Мякоть валуя обожают личинки насекомых и скользкие, как сами валуи, слизни. Слизни часто выедают плодовое тело до такой степени, что ножка начинает напоминать сыр «Маасдам», а шляпка лишается кожицы и становится похожей на испещренную кратерами поверхность Луны.

И еще. Валуи – грибы необычайно жаростойкие. Даже в самую свирепую засуху, под нещадным солнцем, среди лесных пожаров вы обязательно найдете валуи, каким-то чудом умудрившиеся добыть себе драгоценную влагу.

Валуй можно встретить с конца июня и до начала ноября. Лучшее время сбора валуев – с начала августа до конца сентября, когда они выметываются и выметываются из лесной подстилки огромными группами, кольцами и рядами.

На валуй отдаленно похожа сыроежка бледно-охряная, которую, помимо прочих признаков, сразу можно «отсеять» по наличию сухой шляпки. Вкус ее так же, как и у валуя, жгучий, но в меньшей степени.

Ну и, к великой досаде грибников, издали молодой валуй, особенно слегка прикрытый травой или листьями, здорово напоминает белый гриб. Разумеется, при ближайшем рассмотрении иллюзия рассеивается, а ни в чем не виноватая сопливая сыроежка получает пинок…

Да, кстати, иногда (в особо сухую или в особо дождливую погоду) жгучий вкус мякоти валуя совсем или почти совсем исчезает. Такого свойства нет больше ни у одного гриба с горьким или жгучим вкусом. Ловите момент!

Пользуясь случаем, хочется рассказать об одном забавном происшествии, связанном с валуями.

Дело было на Звенигородской биостанции МГУ[5]. Там в свое время я каждое лето сперва проходил практику, а потом, уже будучи аспирантом, эту самую практику вел (практика посвящалась определению грибов).

Ну вот. Иду как-то мимо сторожки, где живет Егорыч.

В своих мыслях иду, думаю за науку в целом и систематику грибов в частности. Вдруг выскакивает Егорыч и хитро, с этаким ленинским прищуром, спрашивает:

– Будешь?

На исконно русский вопрос я не задумываясь выдаю исконно русский ответ:

– Буду.

Но потом из малодушия уточняю:

– А что?

– Его, – отвечает дед.

Поясню. Если ответ «ее» – значит, водка. А если «его» – это, соответственно, спирт. Последнего на биостанции всегда вволю, чтобы научный труд не терял привлекательности.

Егорыч – знаковая на биостанции личность. Он то ли сторож, то ли немножко завхоз – никто точно не знает. По крайней мере сапоги-болотники студентам выдает именно он. Невысокого роста тощий дедок, с дребезжащим испито-прокуренным голоском, в кирзе и ватнике в любую погоду, бородка а-ля Троцкий. У всего обучающегося, преподающего и научного состава сторож-завхоз вызывал глубочайшее почтение своим непревзойденным умением материться.

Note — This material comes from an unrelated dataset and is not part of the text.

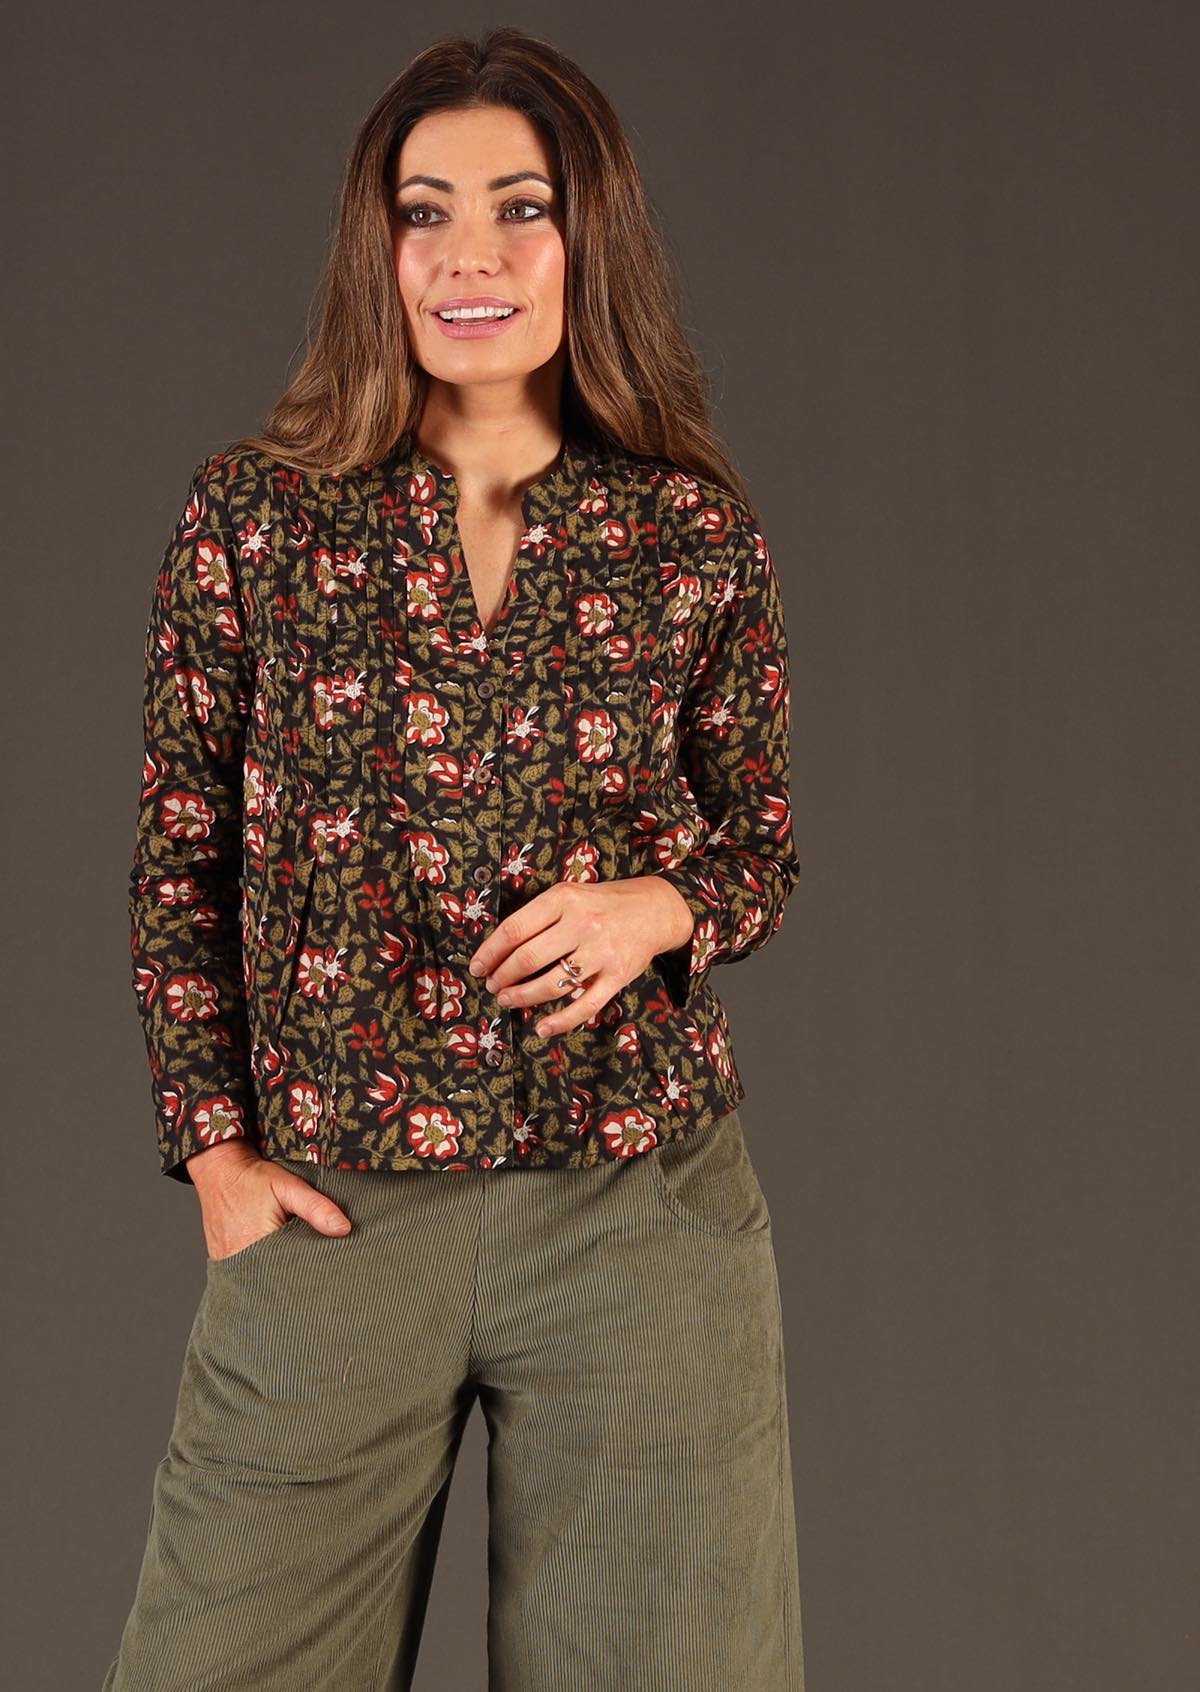 Model in Asha Top Wild Rose black floral print cotton blouse worn with green corduroy wide legged pants

Заходим, садимся. Егорыч разливает. Причем мне, старый жмот, разбавляет, а себе, понятно, нет. Выпиваем первый стакашек, закуриваем.

– Ба! – спохватывается Егорыч. – У меня ж закусочка есть, грибочки соленые.

Я оживляюсь.

– Что за грибочки?

– Желтяки.

– Это чё за фигня? – удивляюсь. С русскими названиями грибов у меня всегда плохо было, я все больше полатыни, а уж о каких-то «желтяках» сроду не слышал.

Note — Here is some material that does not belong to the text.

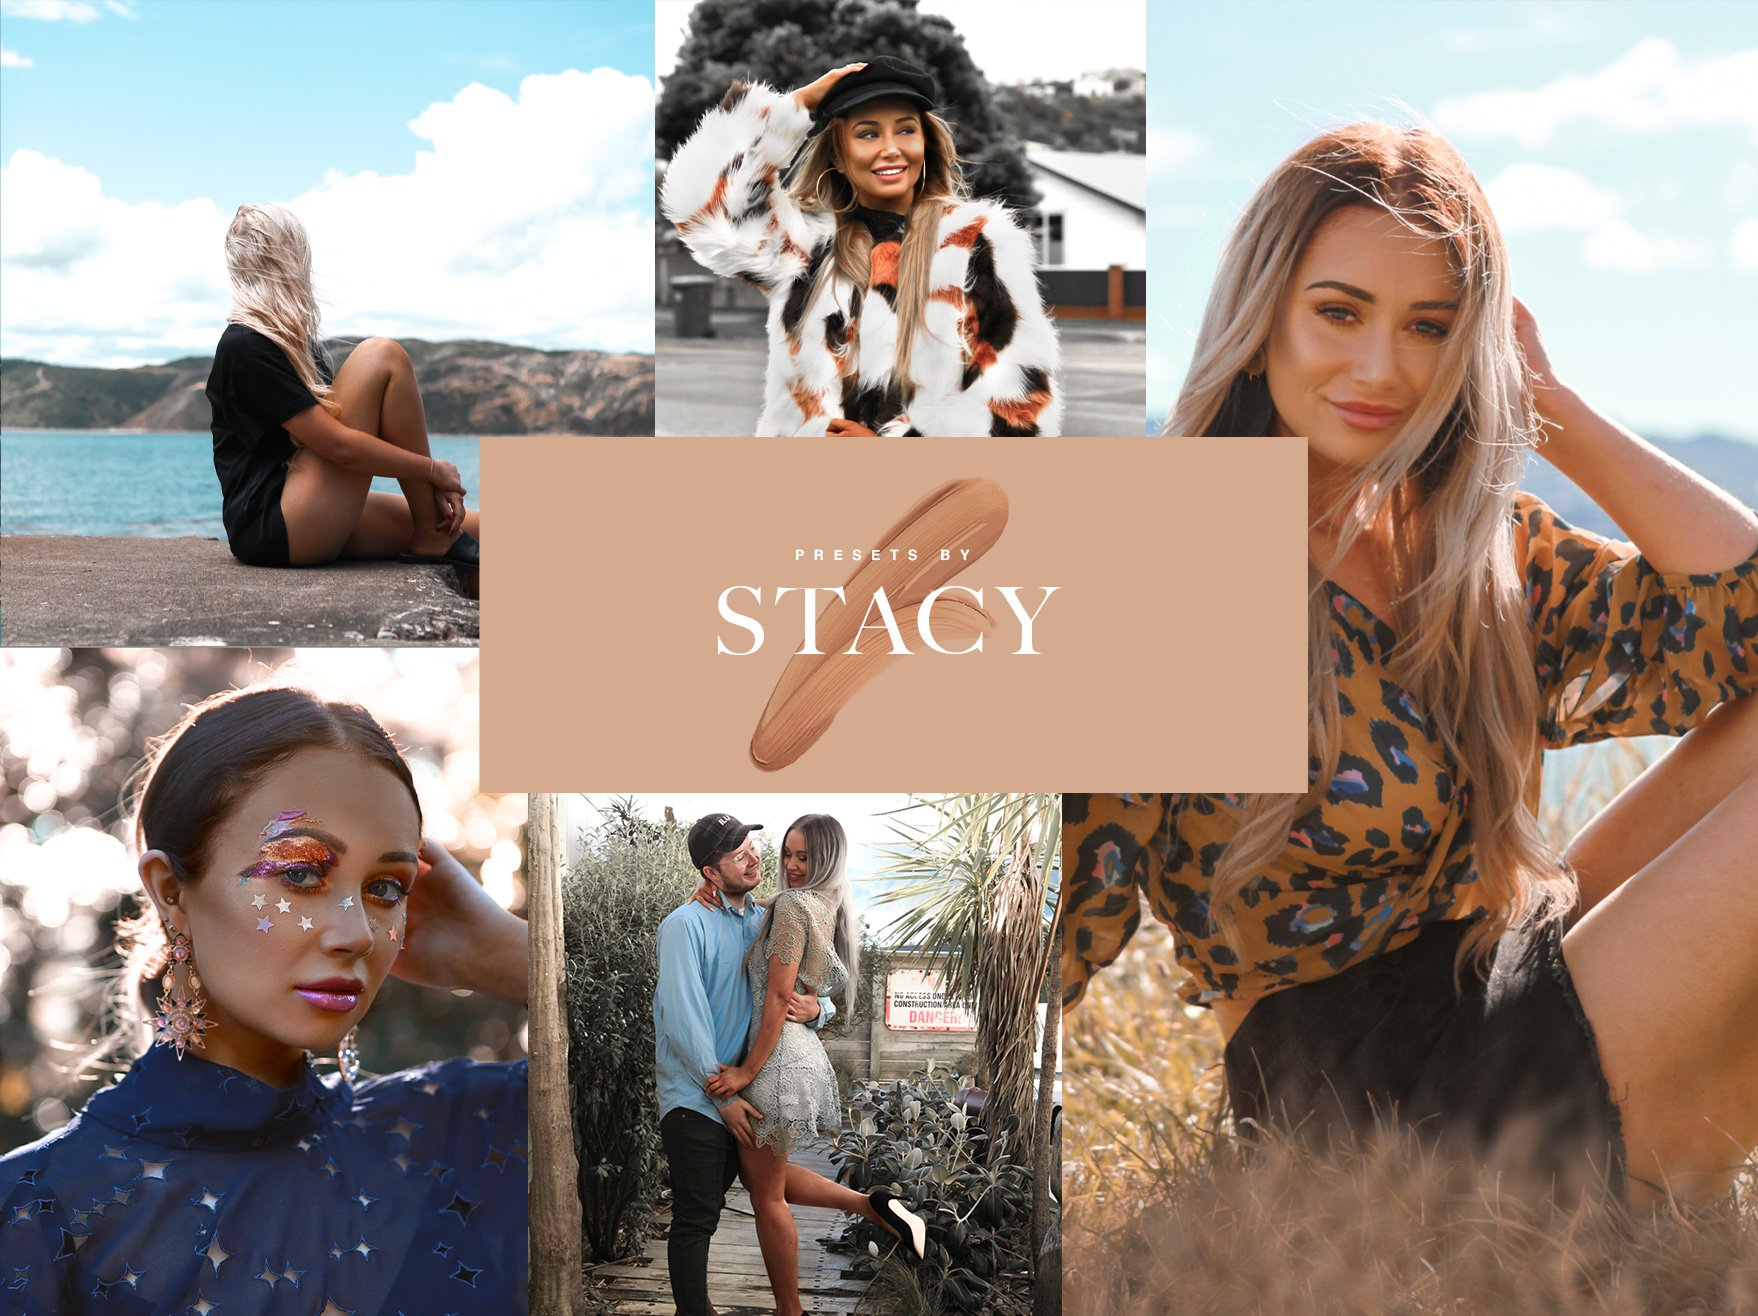 Presets by Stacy

– Сам ты фигня, – в нехарактерно мягкой манере отвечает дед. – Их по-другому «валуй» зовут. Так их еще бабка моя, царствие ей, называла.

– А-а, понятно. Ну, давай.

Егорыч достает банку и вытряхивает грибы на блюдечко. Разливает по второй (мне снова разбавляет), выпиваем. Я не глядя подцепляю грибок, разжевываю и понимаю, что полученные вкусовые ощущения совершенно расходятся с ожидаемыми.

Смотрю на тарелку.

– Егорыч, – говорю, – врала твоя бабка, царствие ей. Не валуи это.

Мгновенно набычившись, Егорыч выдает:

– Ты мою бабку не замай, вафлёр-кругляк-иззащеканец. Я тебе, рипидистий, сказал – «валуй», значит, валуй он и есть. (Рипидистий – это не мат. Это слово дед у ихтиологов подцепил. Была такая древняя рыба – рипидистия, вот он красивое и звучное название, созвучное другому слову, и переработал.)